*STORED DATA*.
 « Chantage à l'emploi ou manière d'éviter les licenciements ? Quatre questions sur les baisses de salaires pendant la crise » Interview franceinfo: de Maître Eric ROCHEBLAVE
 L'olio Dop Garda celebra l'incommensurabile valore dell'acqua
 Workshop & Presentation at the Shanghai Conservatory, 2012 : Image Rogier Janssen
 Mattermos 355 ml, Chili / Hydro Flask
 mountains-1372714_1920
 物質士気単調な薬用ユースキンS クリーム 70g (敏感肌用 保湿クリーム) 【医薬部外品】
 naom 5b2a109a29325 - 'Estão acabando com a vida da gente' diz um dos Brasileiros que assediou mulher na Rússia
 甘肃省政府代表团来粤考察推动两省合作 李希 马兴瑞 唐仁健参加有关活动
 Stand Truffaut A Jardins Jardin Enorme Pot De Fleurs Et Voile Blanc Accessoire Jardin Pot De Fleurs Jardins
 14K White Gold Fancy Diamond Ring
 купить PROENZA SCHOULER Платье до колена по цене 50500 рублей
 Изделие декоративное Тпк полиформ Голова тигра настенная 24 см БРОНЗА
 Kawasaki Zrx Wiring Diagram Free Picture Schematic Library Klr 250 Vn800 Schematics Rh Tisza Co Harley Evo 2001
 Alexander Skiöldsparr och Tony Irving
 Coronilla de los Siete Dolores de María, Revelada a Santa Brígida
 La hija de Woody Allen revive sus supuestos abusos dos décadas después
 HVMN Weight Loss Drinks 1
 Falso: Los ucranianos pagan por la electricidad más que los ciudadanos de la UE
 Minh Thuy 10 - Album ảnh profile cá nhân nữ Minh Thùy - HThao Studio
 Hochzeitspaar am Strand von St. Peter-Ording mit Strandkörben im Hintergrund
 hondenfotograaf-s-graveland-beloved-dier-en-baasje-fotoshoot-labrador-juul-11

*EXERCISE OBJECTIVE*. Having read the material, return all of it word for word.

*RESULT BELOW*.
 « Chantage à l'emploi ou manière d'éviter les licenciements ? Quatre questions sur les baisses de salaires pendant la crise » Interview franceinfo: de Maître Eric ROCHEBLAVE
 L'olio Dop Garda celebra l'incommensurabile valore dell'acqua
 Workshop & Presentation at the Shanghai Conservatory, 2012 : Image Rogier Janssen
 Mattermos 355 ml, Chili / Hydro Flask
 mountains-1372714_1920
 物質士気単調な薬用ユースキンS クリーム 70g (敏感肌用 保湿クリーム) 【医薬部外品】
 naom 5b2a109a29325 - 'Estão acabando com a vida da gente' diz um dos Brasileiros que assediou mulher na Rússia
 甘肃省政府代表团来粤考察推动两省合作 李希 马兴瑞 唐仁健参加有关活动
 Stand Truffaut A Jardins Jardin Enorme Pot De Fleurs Et Voile Blanc Accessoire Jardin Pot De Fleurs Jardins
 14K White Gold Fancy Diamond Ring
 купить PROENZA SCHOULER Платье до колена по цене 50500 рублей
 Изделие декоративное Тпк полиформ Голова тигра настенная 24 см БРОНЗА
 Kawasaki Zrx Wiring Diagram Free Picture Schematic Library Klr 250 Vn800 Schematics Rh Tisza Co Harley Evo 2001
 Alexander Skiöldsparr och Tony Irving
 Coronilla de los Siete Dolores de María, Revelada a Santa Brígida
 La hija de Woody Allen revive sus supuestos abusos dos décadas después
 HVMN Weight Loss Drinks 1
 Falso: Los ucranianos pagan por la electricidad más que los ciudadanos de la UE
 Minh Thuy 10 - Album ảnh profile cá nhân nữ Minh Thùy - HThao Studio
 Hochzeitspaar am Strand von St. Peter-Ording mit Strandkörben im Hintergrund
 hondenfotograaf-s-graveland-beloved-dier-en-baasje-fotoshoot-labrador-juul-11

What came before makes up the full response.